→ What this task involves: An exact copy of the listing below is the answer, with the pictures removed.

→ Dataset excerpt:
__________
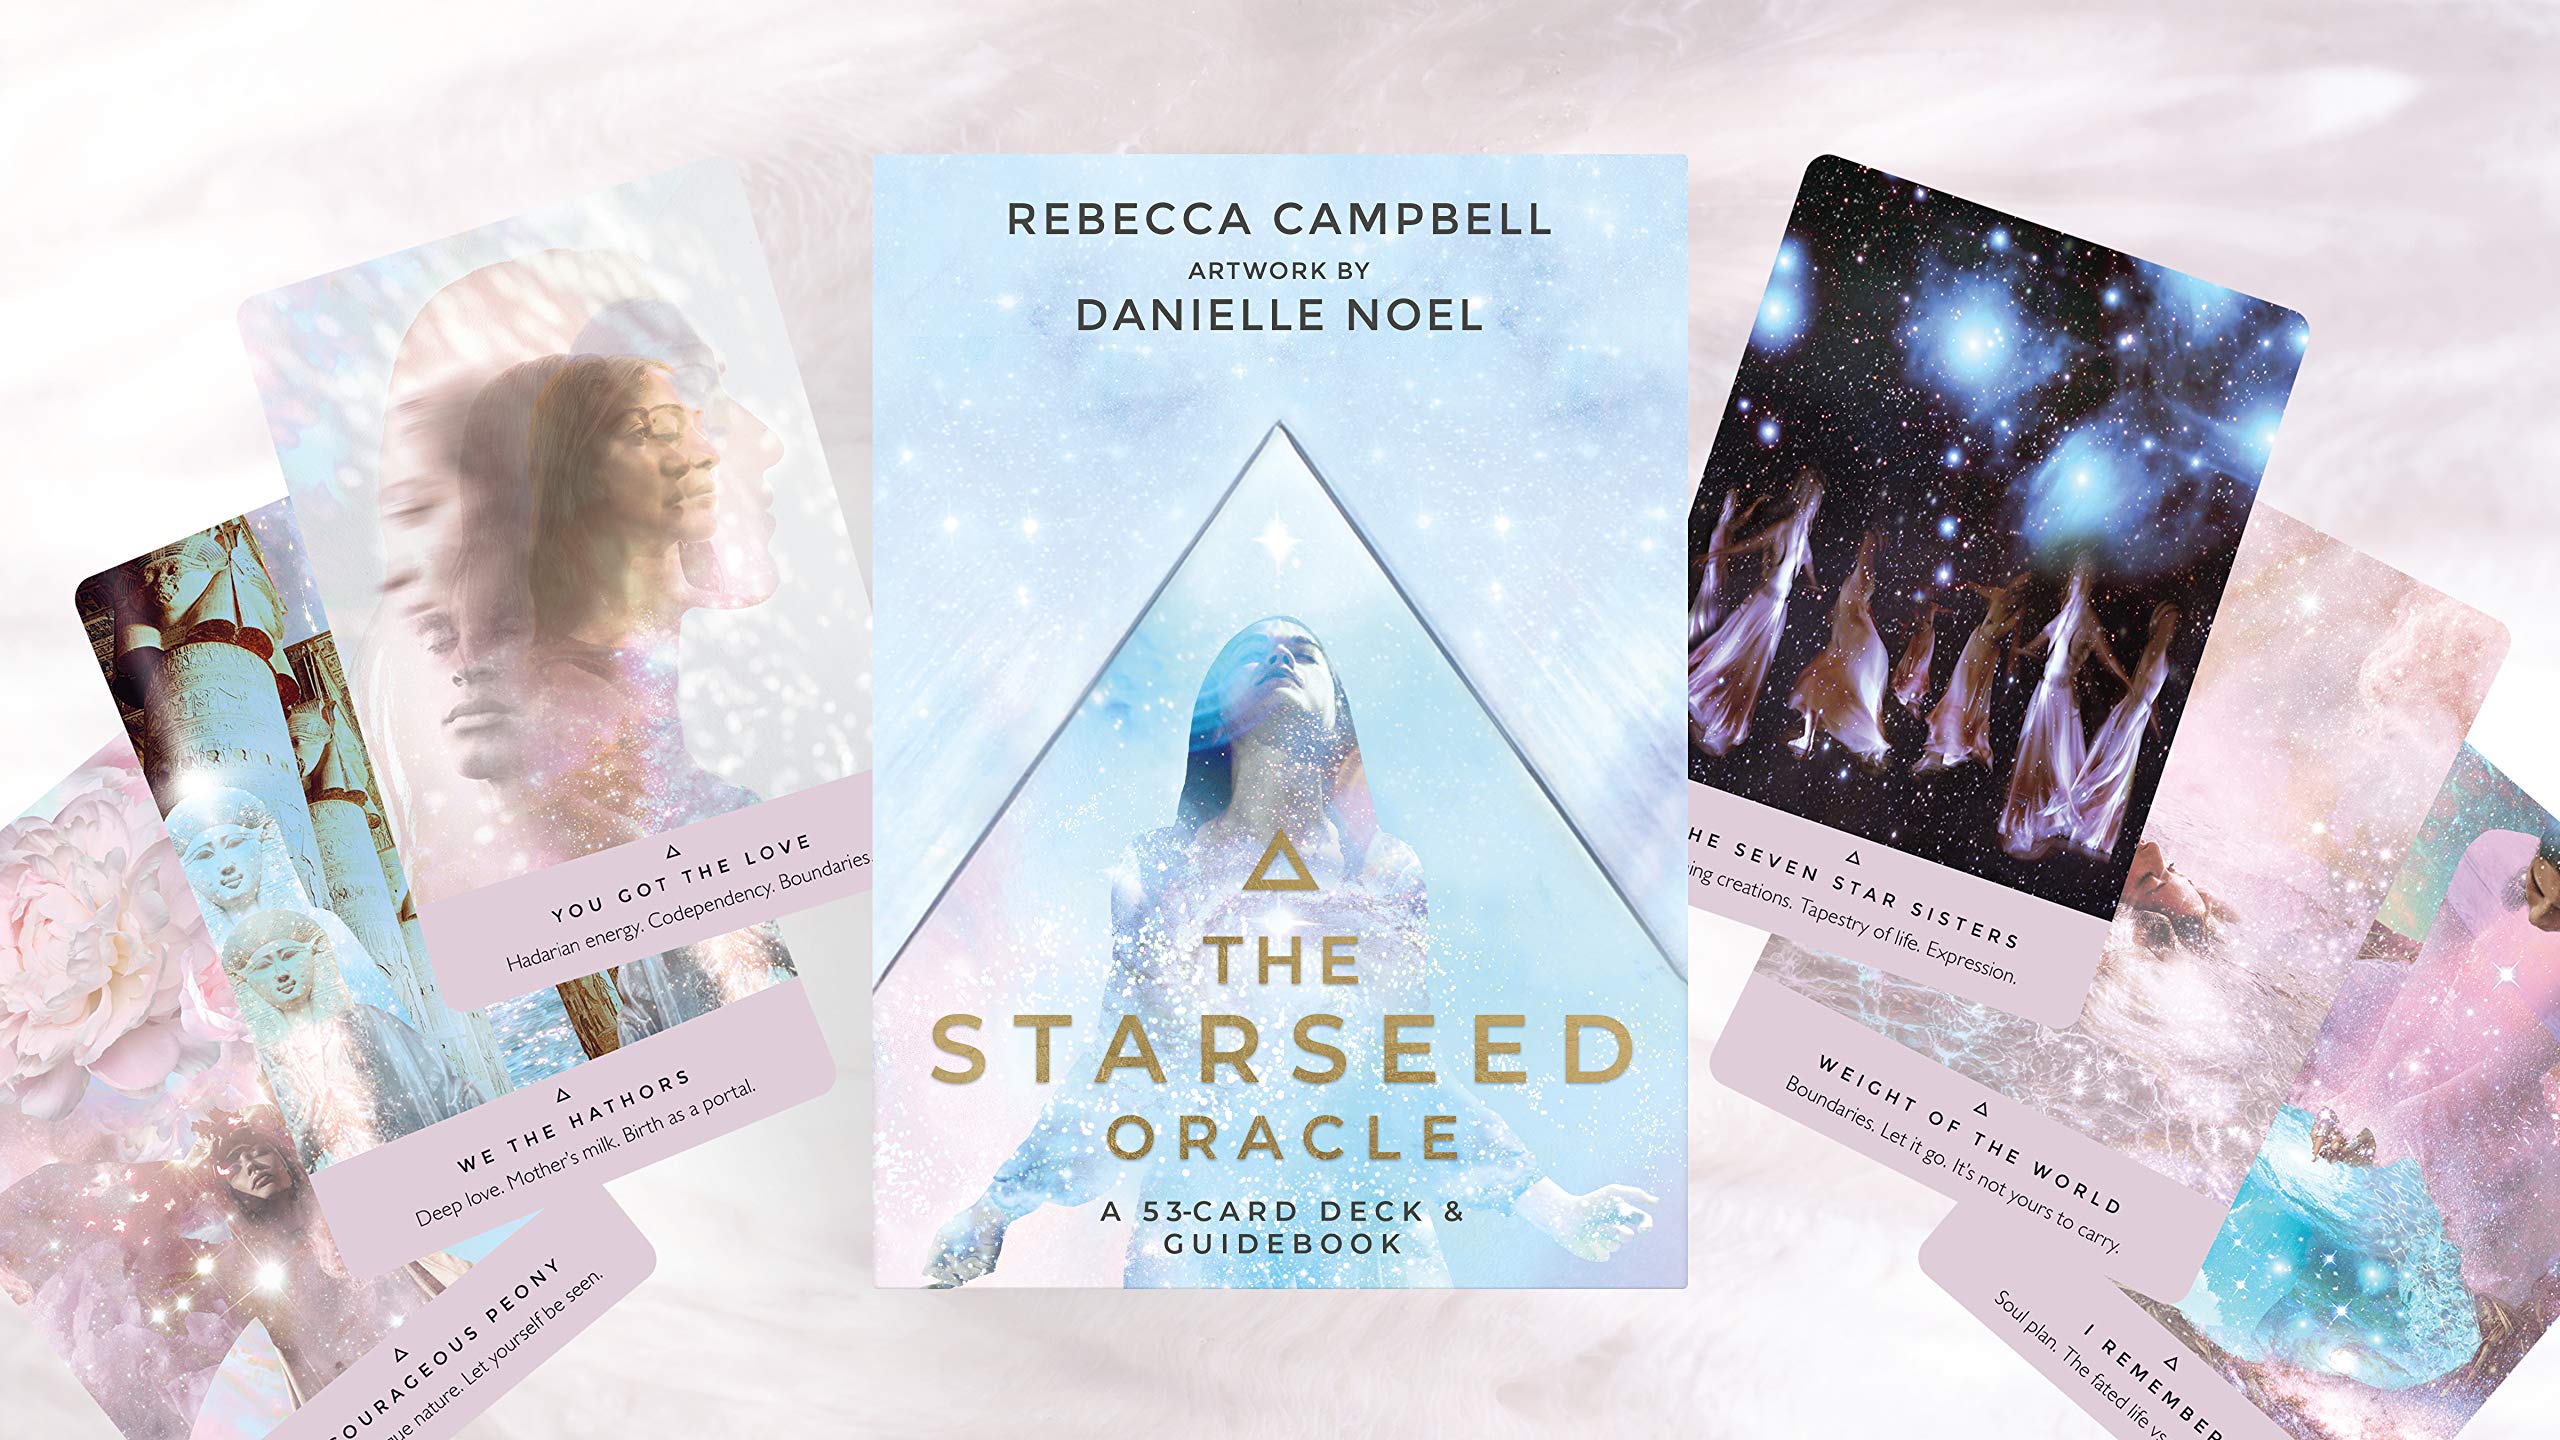 The Starseed Oracle; Rebecca Campbell, artwork by Danielle Noel
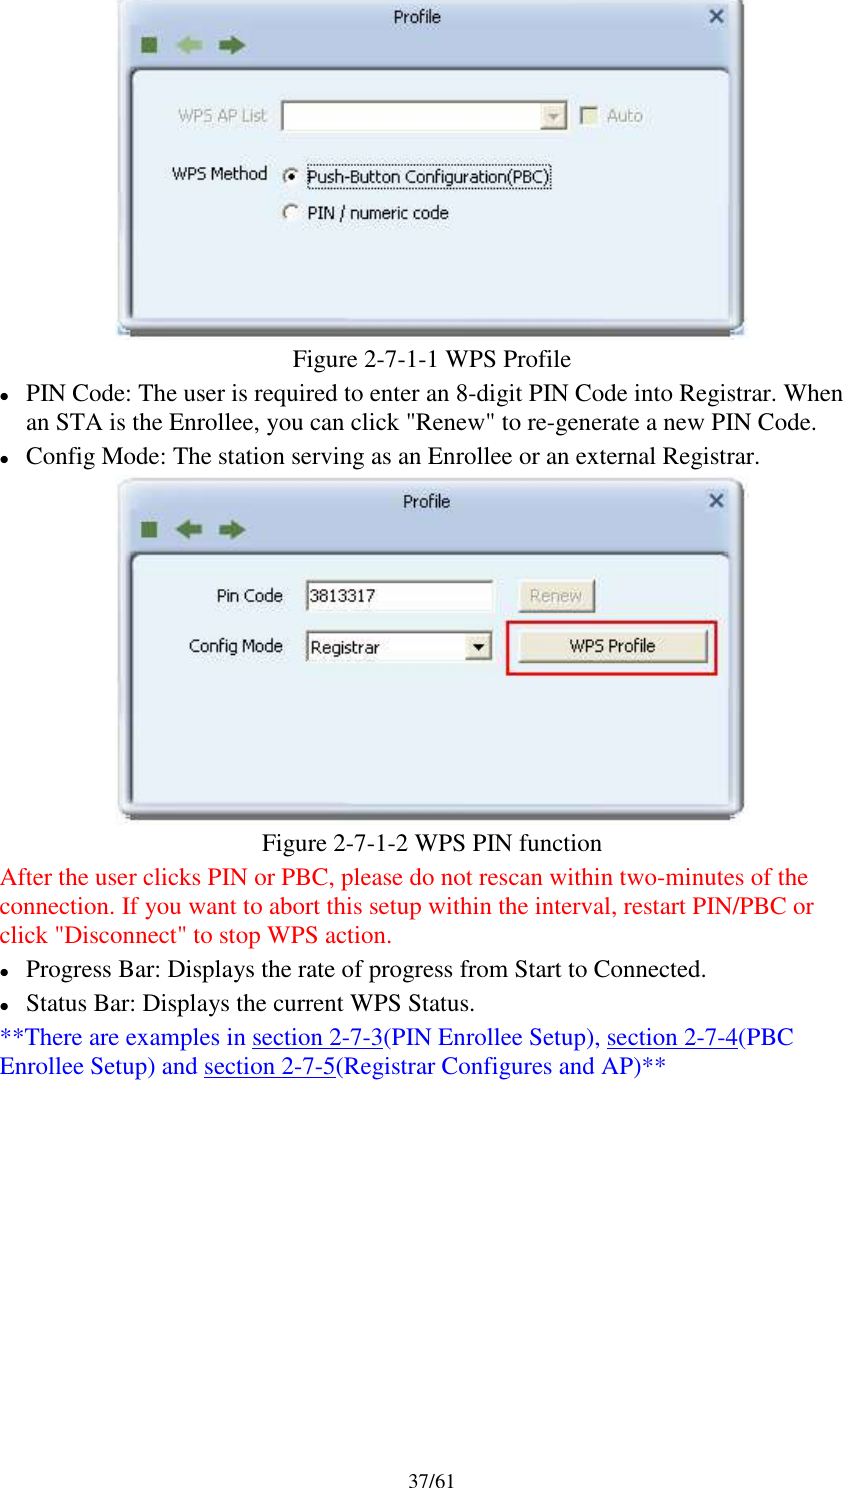 37/61Figure 2-7-1-1 WPS ProfilePIN Code: The user is required to enter an 8-digit PIN Code into Registrar. Whenan STA is the Enrollee, you can click &quot;Renew&quot; to re-generate a new PIN Code.Config Mode: The station serving as an Enrollee or an external Registrar.Figure 2-7-1-2 WPS PIN functionAfter the user clicks PIN or PBC, please do not rescan within two-minutes of theconnection. If you want to abort this setup within the interval, restart PIN/PBC orclick &quot;Disconnect&quot; to stop WPS action.Progress Bar: Displays the rate of progress from Start to Connected.Status Bar: Displays the current WPS Status.**There are examples in section 2-7-3(PIN Enrollee Setup), section 2-7-4(PBCEnrollee Setup) and section 2-7-5(Registrar Configures and AP)**
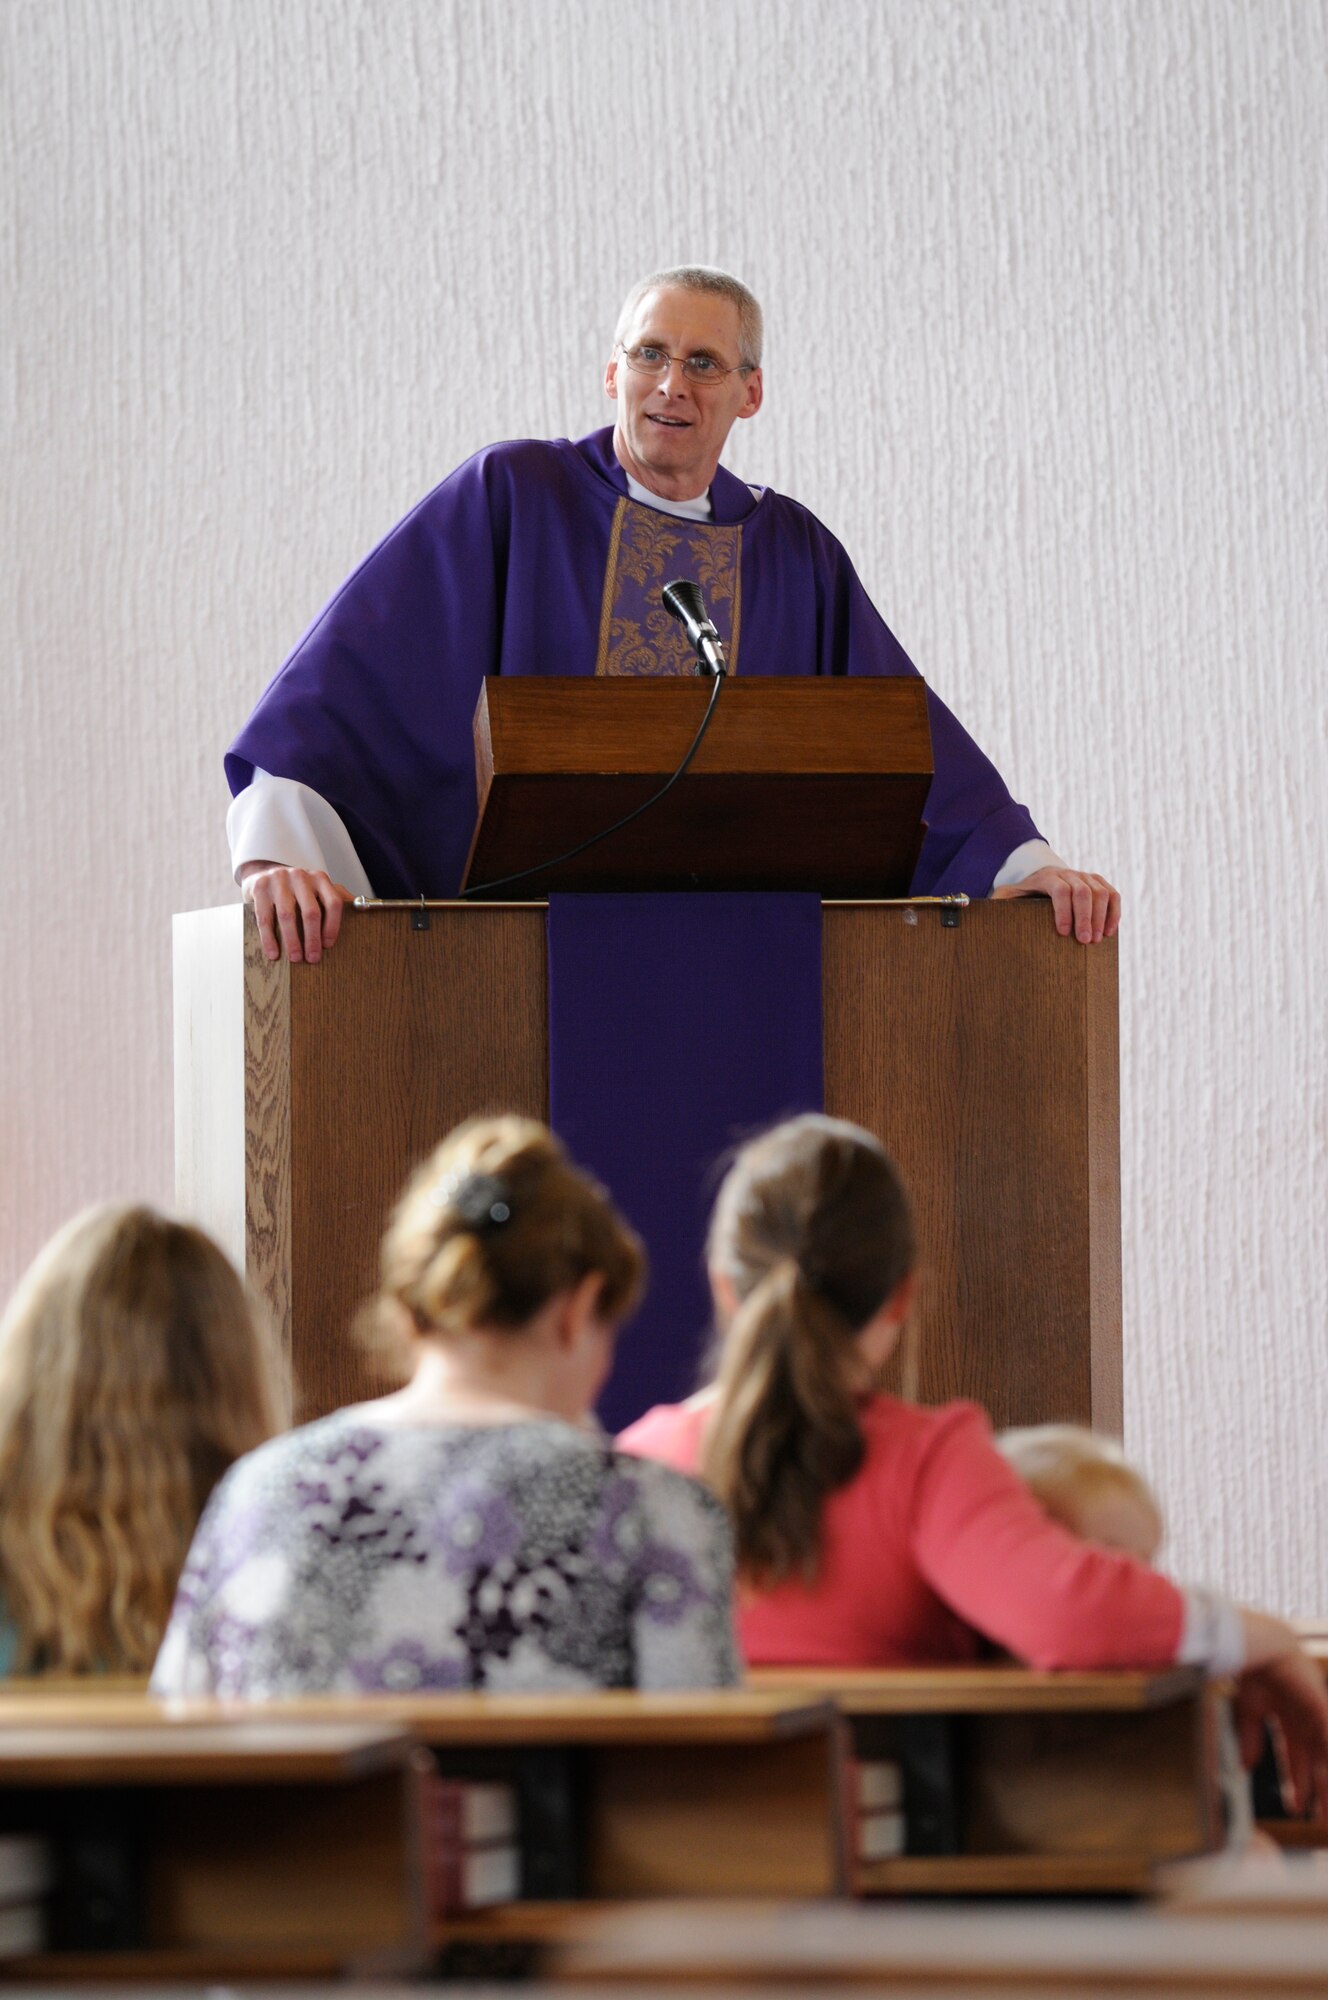 Capt. David McGuire, Chaplain, 86th Airlift Wing, preaches to a congregation in the North Side Chapel, Ramstein Air Base, Germany, Feb. 25, 2010. Capt. McGuire was a pastor for The Catholic Diocese of Richmond, Va., before joining the Air Force in 2007. "I wanted to contribute and help active duty members and their families," said Capt. McGuire. (U.S. Air Force photo by Airman 1st Class Brittany Perry)
__________
→ Completed exercise:
 The Starseed Oracle; Rebecca Campbell, artwork by Danielle Noel
 37/61Figure 2-7-1-1 WPS ProfilePIN Code: The user is required to enter an 8-digit PIN Code into Registrar. Whenan STA is the Enrollee, you can click &quot;Renew&quot; to re-generate a new PIN Code.Config Mode: The station serving as an Enrollee or an external Registrar.Figure 2-7-1-2 WPS PIN functionAfter the user clicks PIN or PBC, please do not rescan within two-minutes of theconnection. If you want to abort this setup within the interval, restart PIN/PBC orclick &quot;Disconnect&quot; to stop WPS action.Progress Bar: Displays the rate of progress from Start to Connected.Status Bar: Displays the current WPS Status.**There are examples in section 2-7-3(PIN Enrollee Setup), section 2-7-4(PBCEnrollee Setup) and section 2-7-5(Registrar Configures and AP)**
 Capt. David McGuire, Chaplain, 86th Airlift Wing, preaches to a congregation in the North Side Chapel, Ramstein Air Base, Germany, Feb. 25, 2010. Capt. McGuire was a pastor for The Catholic Diocese of Richmond, Va., before joining the Air Force in 2007. "I wanted to contribute and help active duty members and their families," said Capt. McGuire. (U.S. Air Force photo by Airman 1st Class Brittany Perry)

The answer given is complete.